Introduction: Ethics and Loyalty in Military (01:27)
Fred Friendly introduces the concepts of ethics and loyalty in the United States military.
Becoming a Soldier (04:25)
Moderator Charles Ogletree plays Jerry Irving Joe, a young man who wants to enlist in the military. There are many steps for an applicant to be accepted into the military.
Killing in the Military (03:00)
Ogletree asks, when is killing others is morally acceptable? Reverend J. Bryan Hehir says it is understood that soldiers must fight, but according to the Nuremberg Trials, they must know when to oppose an order that instructs them to do something they know or think is morally wrong.
Response to Attack (03:23)
General William C. Westmoreland says if one of his divisions was attacked and many soldiers died, he would obtain reinforcements and retaliate. Peter Jennings agrees with Westmoreland and asks questions about the attack.

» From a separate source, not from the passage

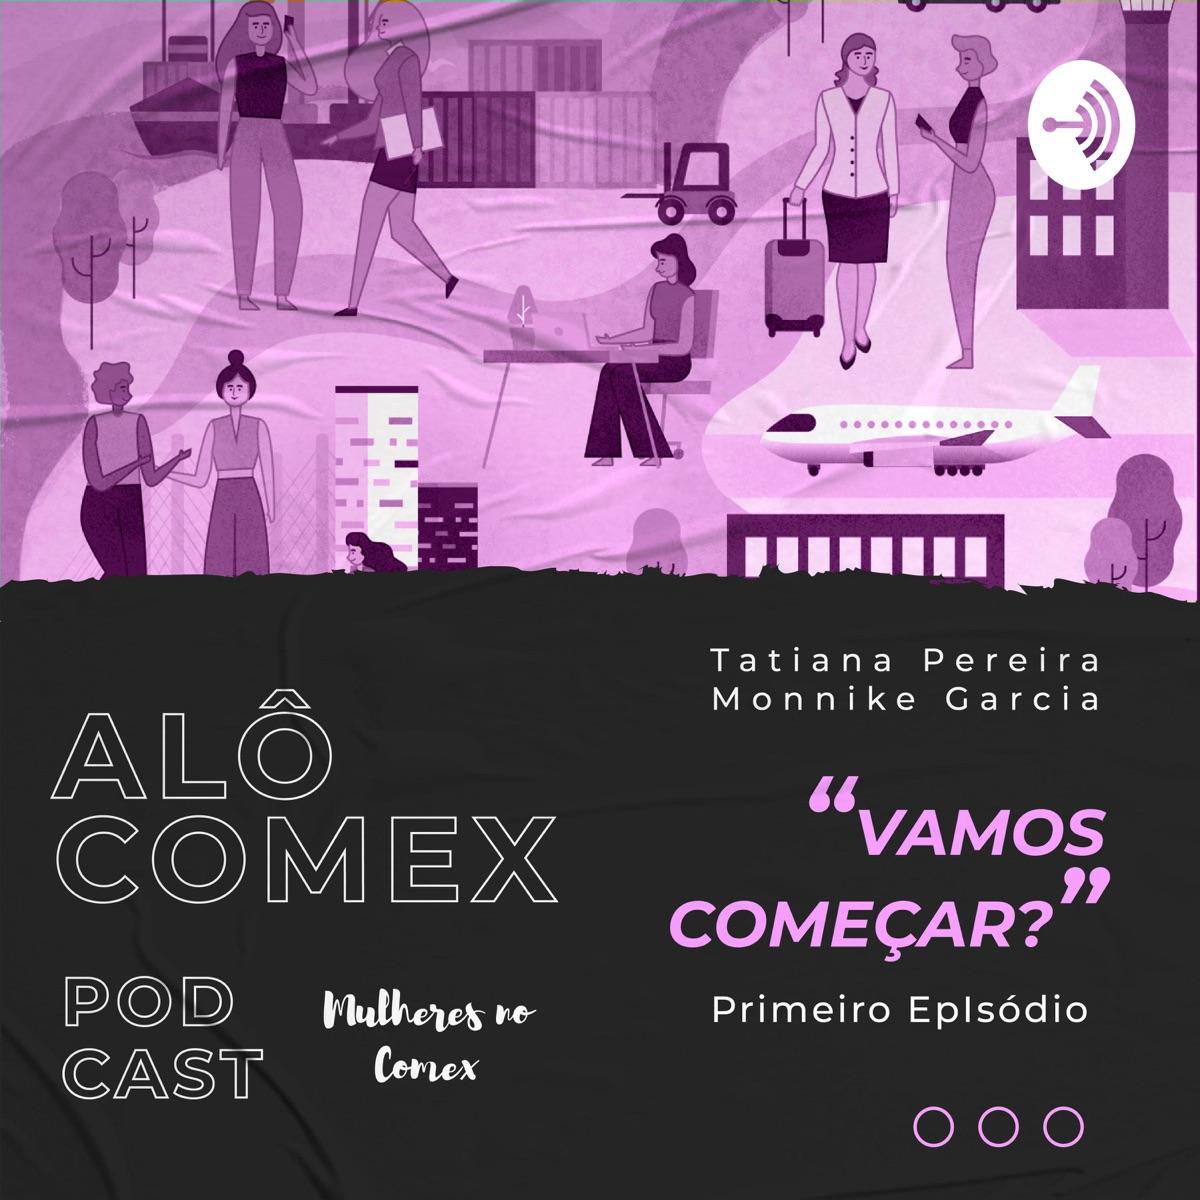 Alô COMEX

Press/Military Relationship (03:11)
Westmoreland says he would not give reporters information because the enemy could be watching, and that could be detrimental to American soldiers. James E. Service says he would be a little more cooperative with the media as long as there is trust. Their first obligation is to the safety of the troops.

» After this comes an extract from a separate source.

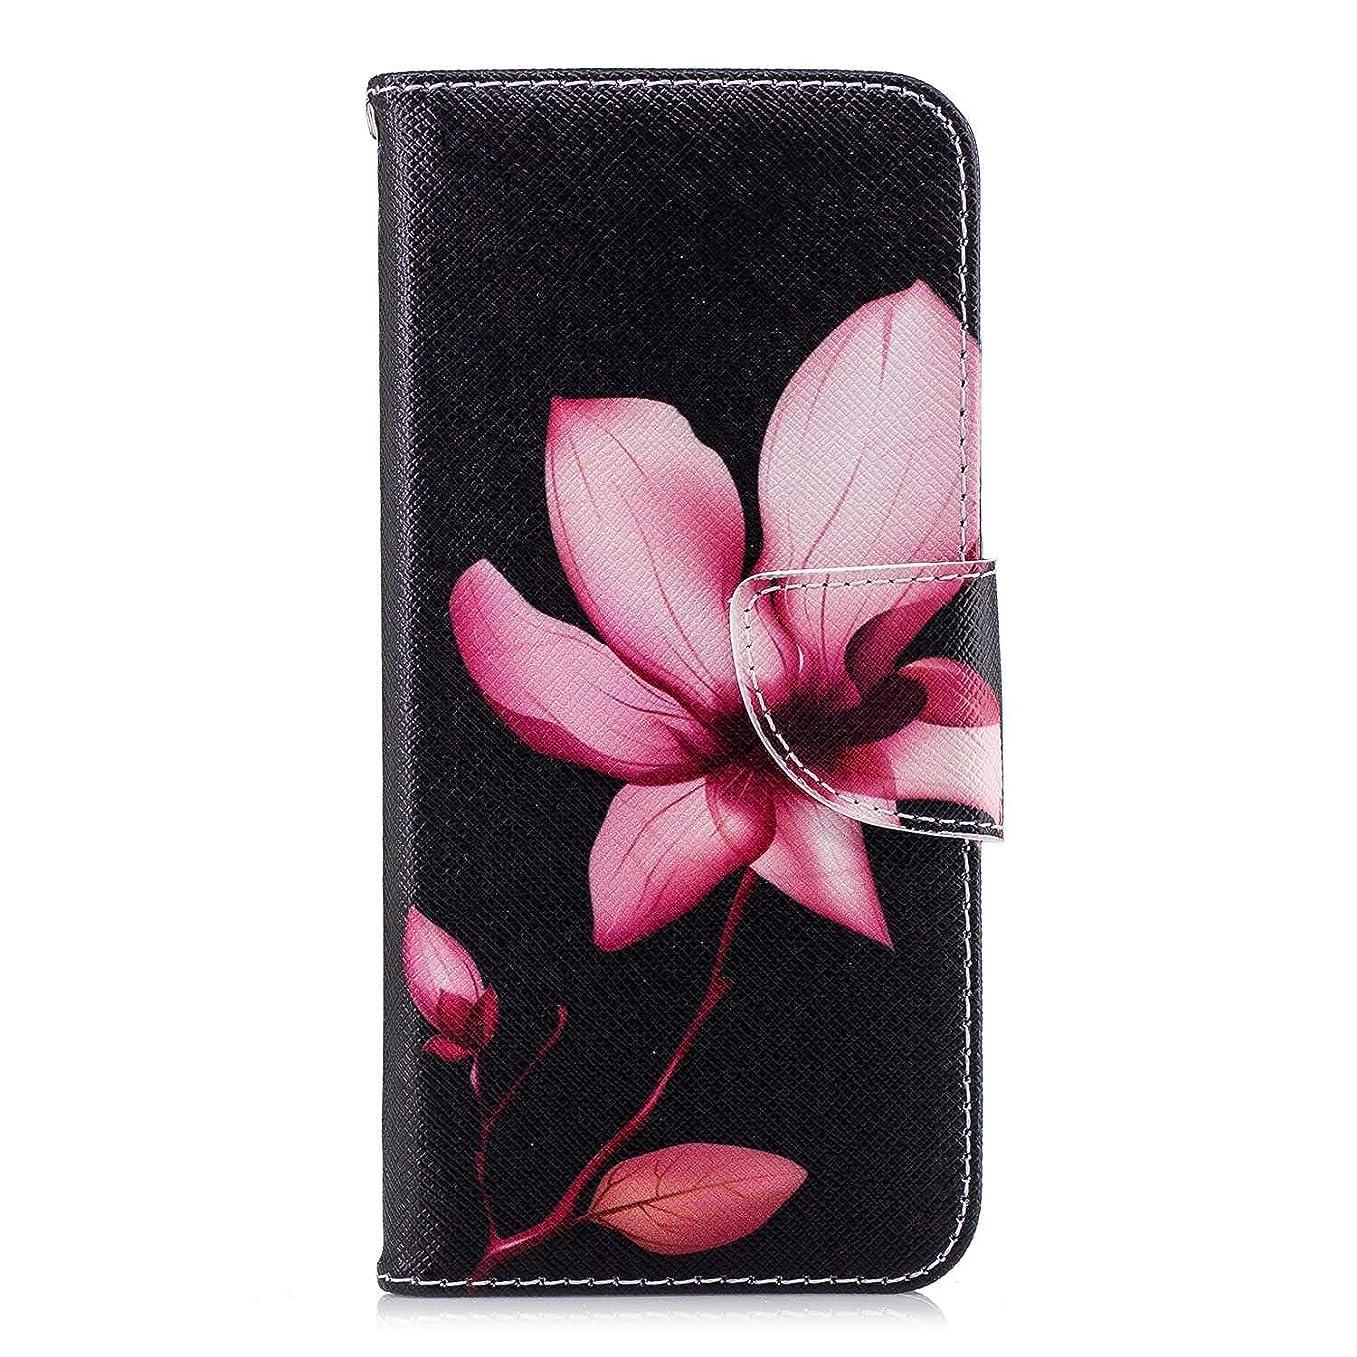 家庭教師速度マッシュOMATENTI Huawei Honor 10 ケース, ファッション人気 PUレザー 手帳 軽量 電話ケース 耐衝撃性 落下防止 薄型 スマホケースザー 付きスタンド機能, マグネット開閉式 そしてカード収納 Huawei Honor 10 用 Case Cover, 花

Military Representation (02:16)
Service and Newt Gingrich say the press should show the public moral actions performed by the military. They also believe that private events should not be aired on public television.
Decision to Kill (03:03)
Lieutenant Frederick Downs Jr. discusses the circumstances in which he would tell his soldiers to kill the enemy and take no prisoners. Captain Brian Jenkins agrees, but considers capturing prisoners of war. Each soldier must make his or her own decision.
Is It Murder? (05:10)
Down says the decision to kill enemies in battle depends on the circumstances; his first obligation is to his men. Major Robert C. Stuart, Colonel George M. Connell, and Hehir agree that enemy soldiers who are wounded should not be killed, but there are situations where orders are not clearly defined, and everything is subjective.
Blessing Soldiers (03:00)
Ogletree talks to Chaplain Timothy Tatum about the morality of a soldier's behavior in war. Tatum will bless the soldier but not the weapons or the missions, he will comfort soldiers about their fears, and he will pray for their safe return.
Following Orders (06:36)
Downs and General Edward C. Meyer believe soldiers should follow orders no matter the situation. They agree that lying to soldiers and using them as decoys is morally correct because it would be for the greater good. Meyer says it is unethical to not be professional in any field, and soldiers need to trust orders.
Media Presence (02:17)
Jennings says he, and other reporters, would stay out of the way and capture as much of the action on video. Westmoreland says that Jennings and other reporters might be there, but they are not welcome and do not belong. The press might pose a threat.
Basic Moral Understanding (03:27)
General David C. Jones says the basic understanding is that the military does not kill prisoners, the wounded, or their own soldiers. There are situations where an officer has to go against that moral understanding. A commander has responsibility and must make split decisions thought to be for the good of all soldiers.
Showing the Public (03:14)
When an act that is objectively immoral happens, it is the job of the media to show the public in a responsible manner. Mike Wallace says he would take time to discuss, understand, and edit the tape, but would still show it to the public.
Handling Enemies (06:50)
If placed in situations where officers must make split decisions about enemies, some say they would perform actions that look immoral. Military officers on the panel say they prefer to take enemies alive because they are more valuable, butwould kill them if necessary.
Conclusion: Ethics and Loyalty in Military (03:12)
Friendly concludes that loyalty in the military sometimes conflicts with a soldier’s moral compass. He introduces the next episode about confidentiality and the military.